Our children also enjoy spending time with their parents. During the hours at night as they drift off to sleep and in the morning as they start to wake, we're able to have quiet conversations with them. We are a captive audience, which is rare in our busy lives. I especially cherish these moments when I don't have to worry about getting to an appointment or dropping them off at school so I can go to work. It's a long trip, and we're all in it together, so we take the time to talk.

I love talking with my wife. When all of the children are asleep, and we're trying to keep each other awake, we chat about all kinds of things. Over many years of road trips, we've made some major decisions during discussions by the dashboard lights. I wouldn't trade those conversations for anything.

It's cool to watch your children sleep. I think all parents do this when their kids are babies, but it's amazing to watch them when they're older, too. As I glanced in the back of the minivan Friday night, I could see my self-assured 13-year-old daughter, rambunctious 5-year-old son and giggly 8- and 10-year-old daughters all peacefully resting next to each other, breathing softly, as the light of the moon streamed in through the windows of the van and gently touched their faces. It was a beautiful sight, the kind that makes you feel all is right with the world.

Of course, you also learn practical things on long trips, such as: gas is really, really expensive; Twizzlers are good snacks for keeping you awake; satellite radio is a godsend when you're in eastern New Mexico and west Texas; it's OK to let your wife splash water on your face if you look drowsy while driving; it's always rush hour in Dallas; at least one child will always decide he or she needs to go to the bathroom five minutes after your last stop; and nothing will put you in motion faster than hearing your 8-year-old say "I think I'm going to throw up" as car-sickness sets in at the end of a long day on the road.

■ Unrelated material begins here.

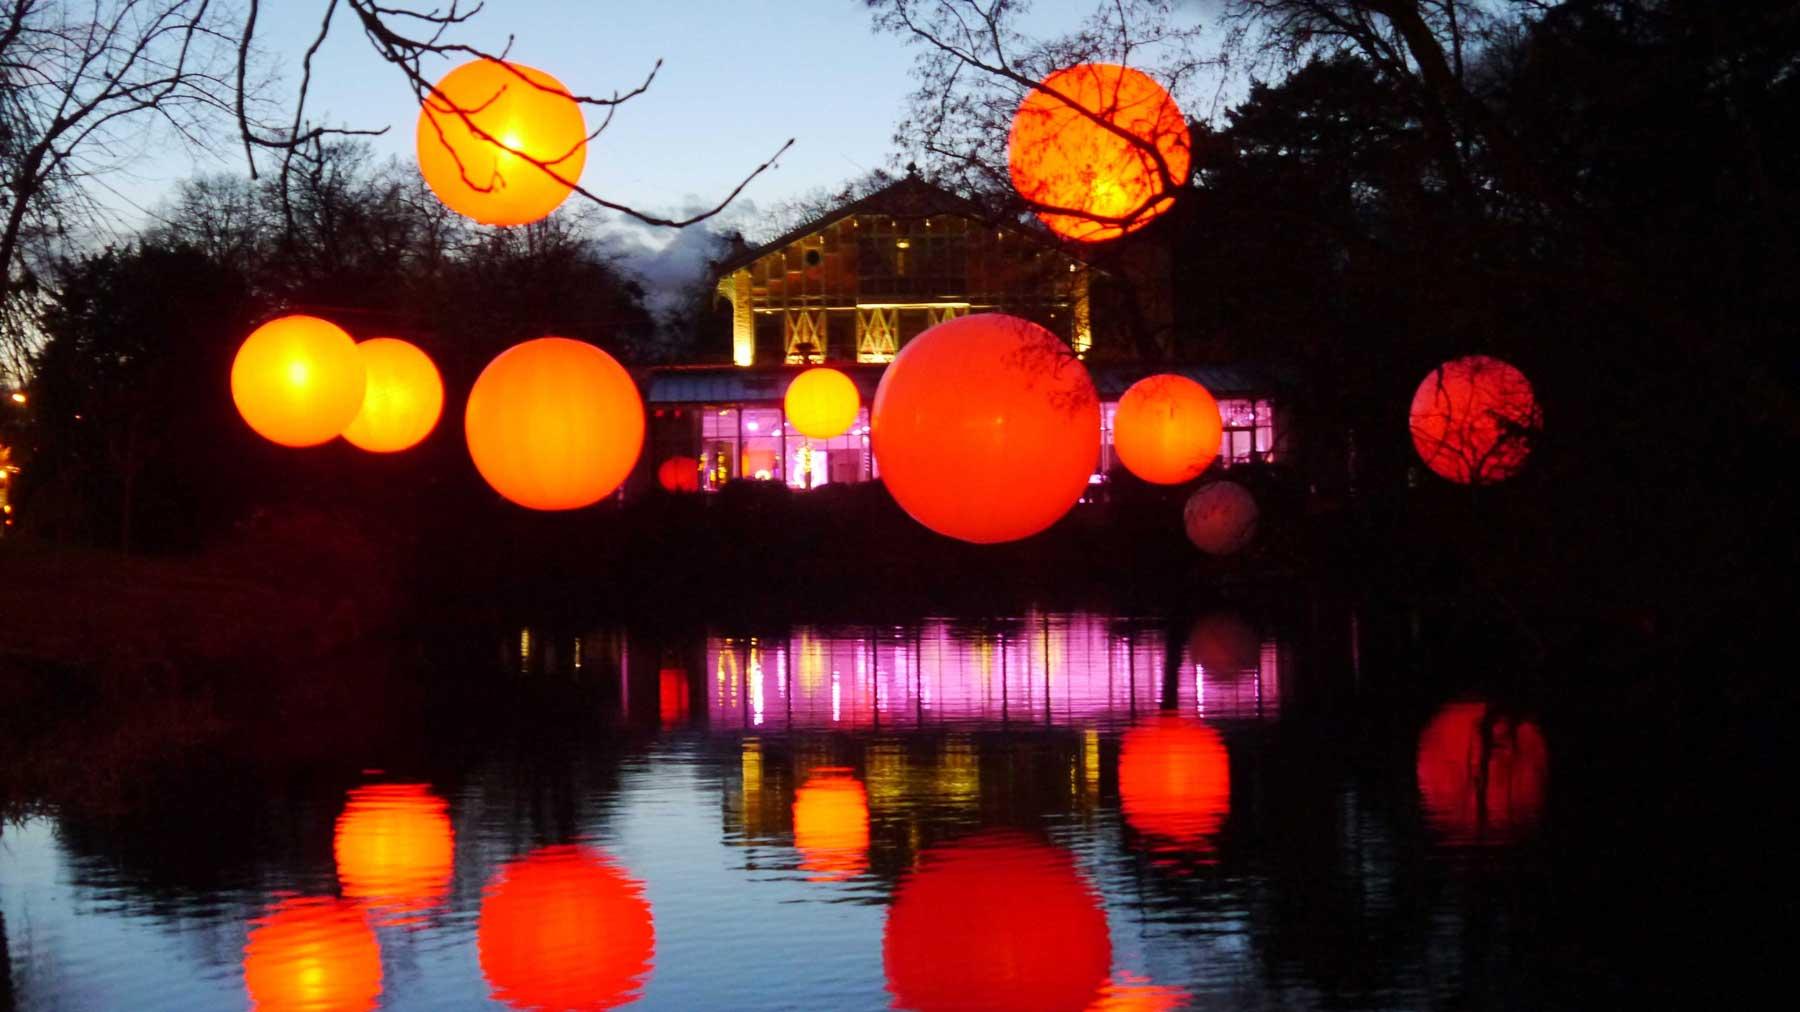 ballons-helium-suspendu-led-couleur-dmx-pavillon-d-armenonville.jpg

Most of all, you learn that it's OK to be in a remote location with your family — and without cell service — every now and then. Work will still be there when you get home. It always is. But the children will get older and leave someday, and you'll regret it if you missed such moments.

The fact is, work/life balance doesn't just happen. You've got to search for it. And if you look hard enough, sometimes you'll find it while sitting in a minivan, a box of doughnuts on your lap, your family snoozing all around you.